Crash reporting is opt-in and disabled by default. The following controls apply:
- The
AndroidManifest.xmlsets bothfirebase_crashlytics_collection_enabledandfirebase_analytics_collection_enabledtofalse, which disables Firebase auto-collection at process start. - A runtime gate in
CrashReportingRepositoryshort-circuits every reporting call to a no-op until the user toggles Settings → Privacy → Send anonymous crash reports to on. The toggle is accompanied by an in-app description of what is collected. - Debug builds never enable crash reporting.

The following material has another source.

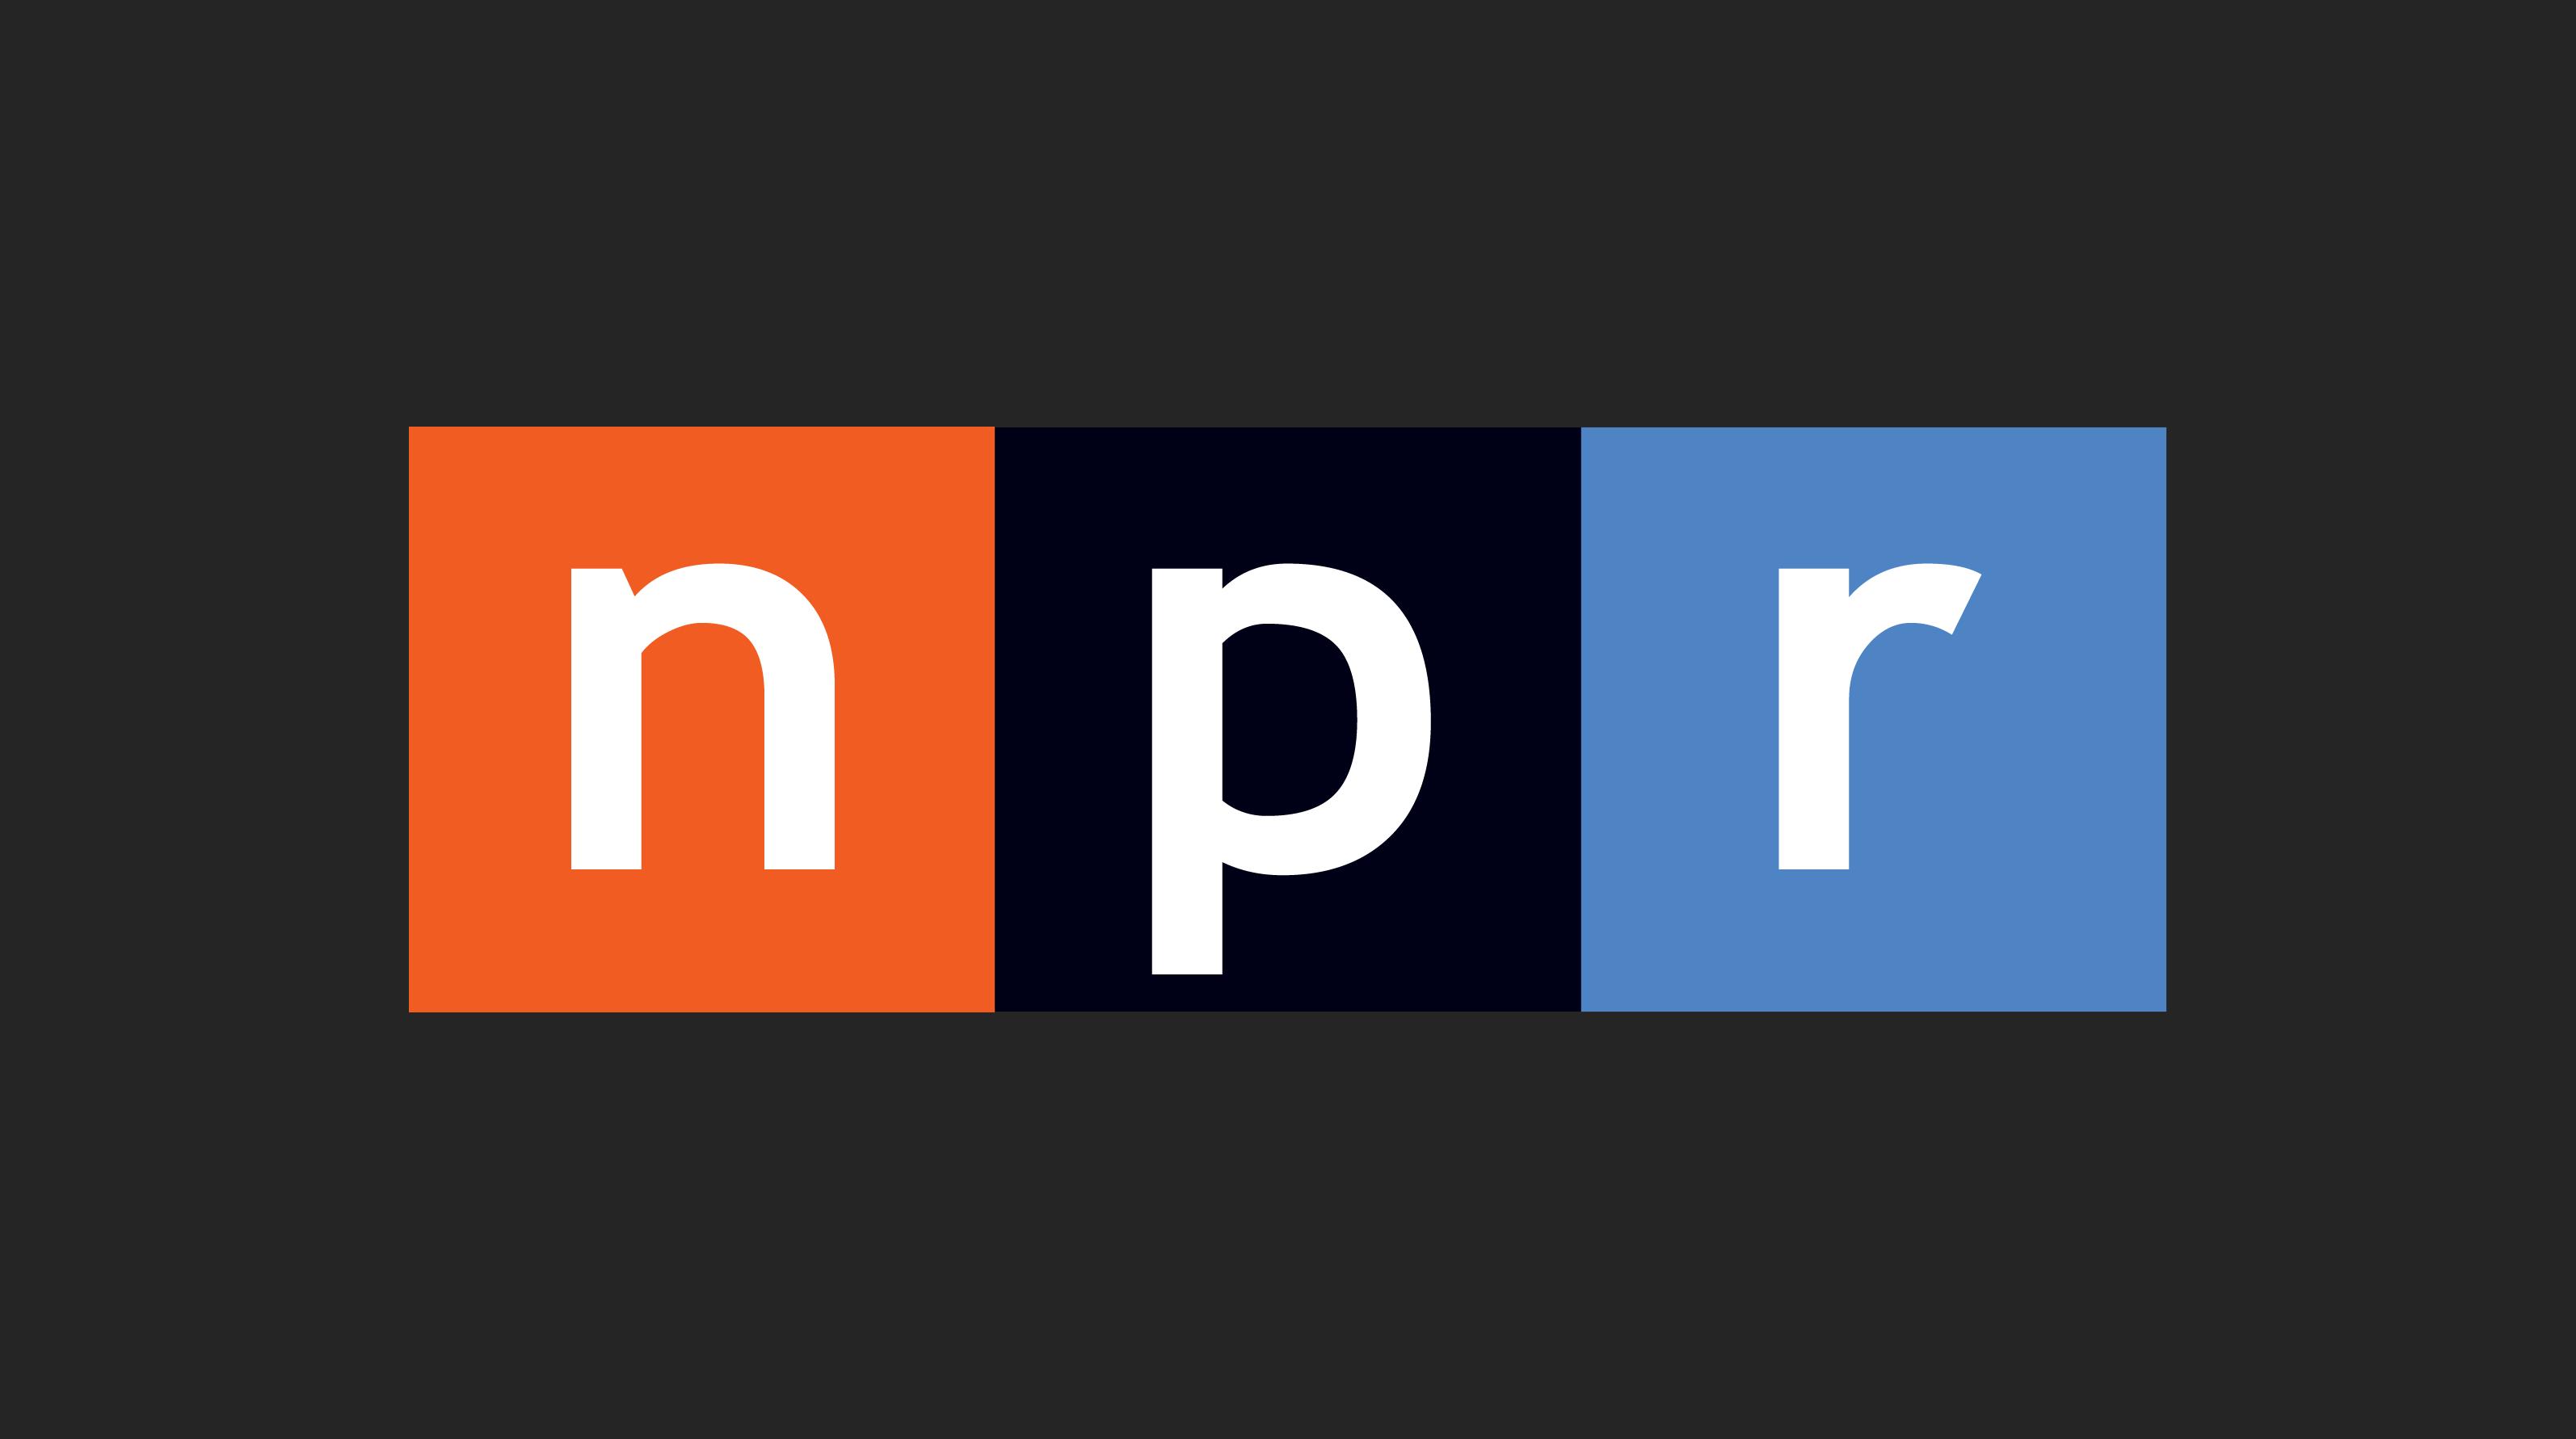 Amy Siskind speaks with NPR's Joshua Johnson
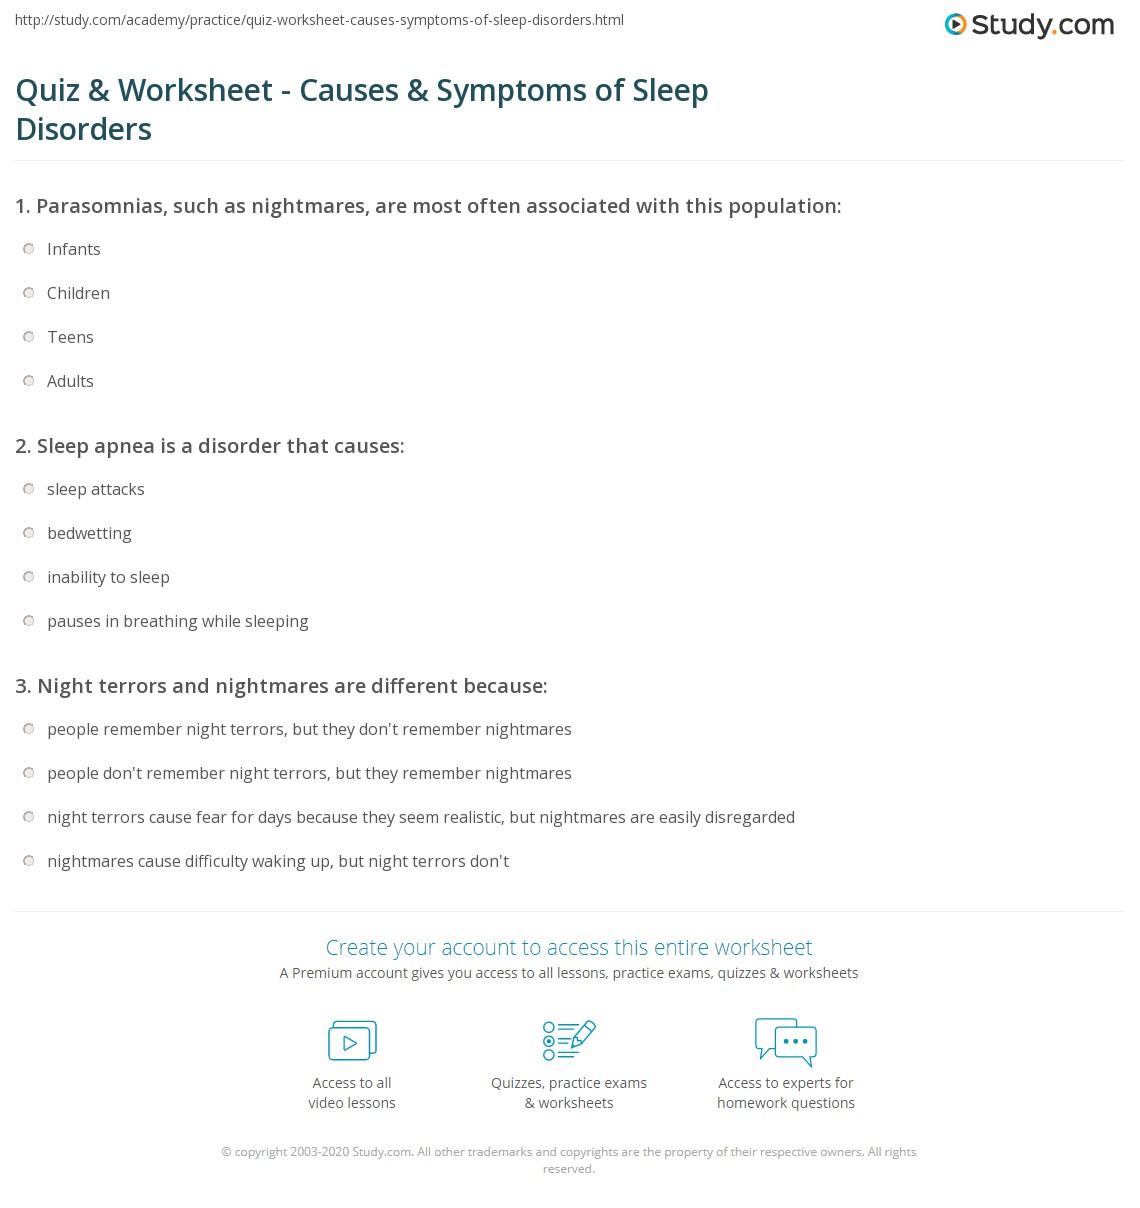 Sleep apnea study in infants

The opt-in observer that forwards events to Firebase is only installed in release builds; debug builds use a local Timber tree and do not touch Crashlytics regardless of the persisted preference.
When (and only when) a user has explicitly opted in on a release build, the following information may be transmitted to Firebase Crashlytics:
- Stack traces for fatal crashes and non-fatal
Log.WARN/Log.ERRORrecords captured by Timber. - Device model and Android OS version.
- App version and build identifier.
- Two custom keys set by the pipeline engine:
active_pipeline_idandactive_model(the identifier of the pipeline and the model in use when the event occurred).
The following are never transmitted off-device, even with crash reporting enabled:
- The contents of chat messages, model prompts, or model replies.
- Long-term memory chunks or any user-authored text.
- Tool inputs, tool outputs, or arguments produced by the agent.
- API keys, passphrases, or any value stored in the Keystore-backed encrypted stores.
- Personally identifying information beyond the device/app metadata listed above.
The user can revoke consent at any time from the same settings entry; the runtime gate then returns every reporting call to a no-op.
Please report suspected vulnerabilities privately through GitHub Security Advisories, using the Security tab of this repository and the "Report a vulnerability" action. This opens a private channel between you and the maintainers; public issues should not be used for security reports.
When reporting, please include:
- The affected version (commit SHA or build identifier).
- A clear description of the issue and its security impact.
- Reproduction steps, proof-of-concept code, or sample data, if available.
- Expected versus actual behavior.
- Any suggested mitigation, if you have one.
Response expectations:
- Acknowledgement: best effort within 7 days.
- Fix timeline: no fixed SLA at the current pre-release stage. We will communicate a target timeline with you after triage.
- Please do not publicly disclose the issue until a fix has been released or we have agreed on a coordinated disclosure date.
Reports about vulnerabilities in third-party dependencies (LiteRT-LM, Koog, Room, SQLCipher, Firebase, and so on) should be filed with the respective upstream projects. We are happy to receive a courtesy heads-up if such an issue materially affects this project.
In scope for this policy: source code in this repository, build configuration, and the runtime behavior of the resulting Android application.
Out of scope: vulnerabilities in third-party dependencies, model-quality issues (hallucinations, refusals, biased output), and reports that require an attacker to already control the device or its operating system.